Subjects were selected only after their proper consent to participate as subjects in the study. History part included name, address, age, sex, contact number, history of illness (both present and past), family history, personal history and drug history. Examination part included the general physical examination and relevant systemic examination. Information regarding quality of sleep, medical history and concomitant use of medications was obtained through patient interviews and reviews of the medical records. Examination part included the general physical examination and relevant systemic examination. The weight of the subjects was measured by a weighing machine, with minimum clothing and shoes removed. The reading was recorded to the nearest kilogram. Body height was measured using a stadiometer. Body mass index (BMI) was calculated by Quetlet's index [weight (kg) / height (m)2].

The 205 patients were categorized into four groups according to the diagnostic criteria for OSAS, as recommended by the American Academy of Sleep Medicine and based on assessment of AHI by overnight Polysomnography. The four groups were:

I. Primary snoring group (AHI < 5 events/h, n = 105). This group did not meet the polysomnography (PSG) cut-off criteria for OSAS and patients were categorized into either the 'snoring group' or the 'normal AHI group.

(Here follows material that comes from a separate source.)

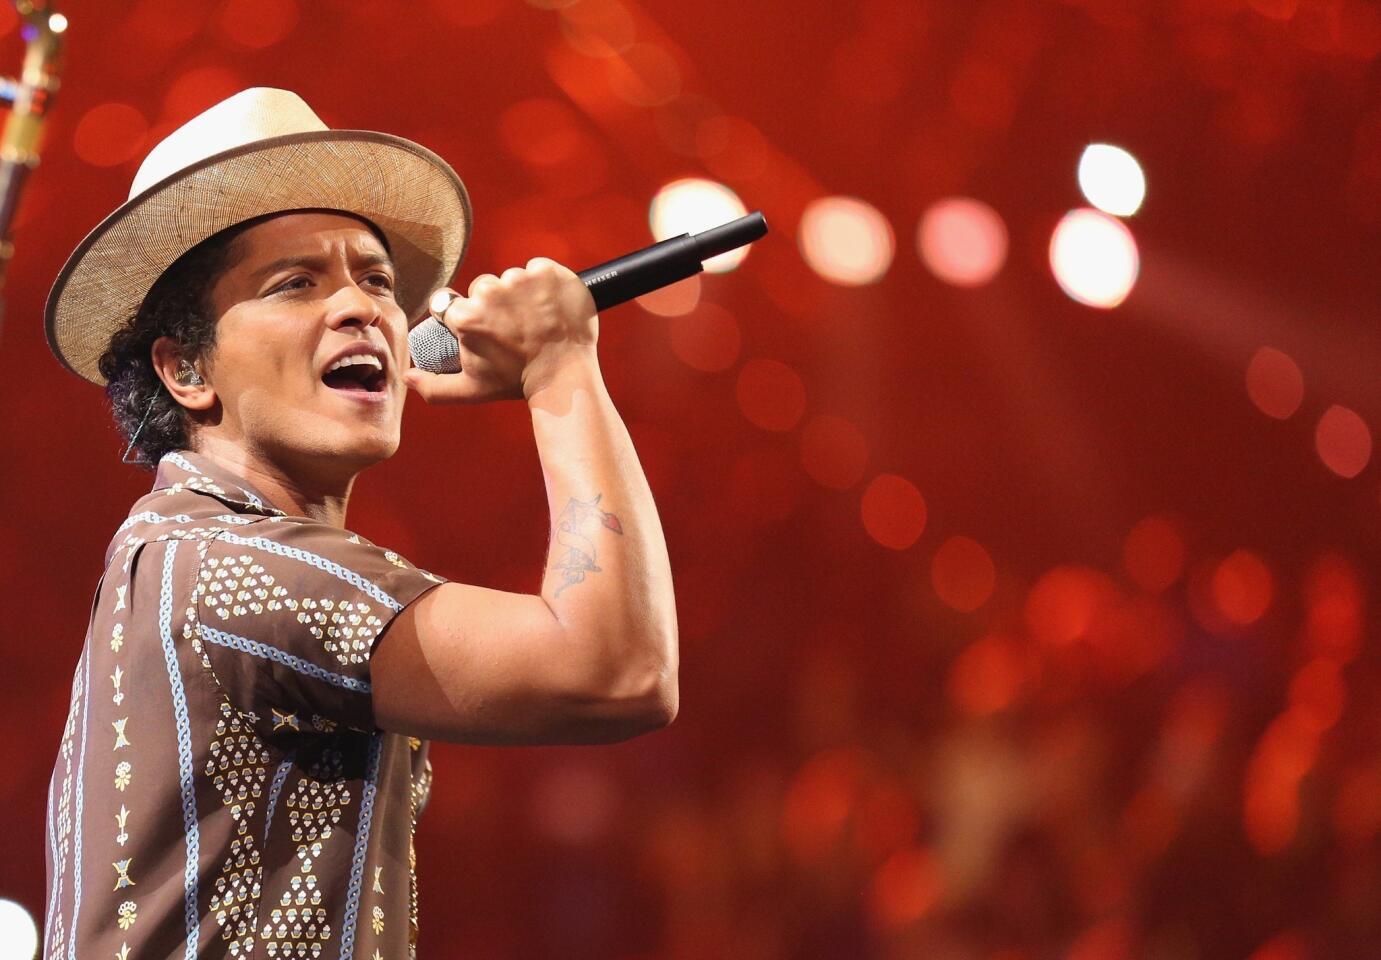 Singer Bruno Mars, shown performing during the iHeartRadio Music Festival at the MGM Grand in Las Vegas in September, is among the 2014 Headwear Hall of Fame inductees.

II. Mild OSAS group (AHI >5 events/h, n = 70);

III. Moderate OSAS group (AHI 15-30 events/h, n = 17);

and

IV. Severe OSAS group (AHI >30 events/h, n = 13).

All the subjects, at the time of their first visit, underwent neuropsychological testing and overnight polysomnography.

Neuropsychological testing: Two neuropsychological tests, including the MoCA and MMSE were administered to all participants during their first visit, before the clinical diagnosis was established to prevent the bias which could influence the administration and interpretation of the tests.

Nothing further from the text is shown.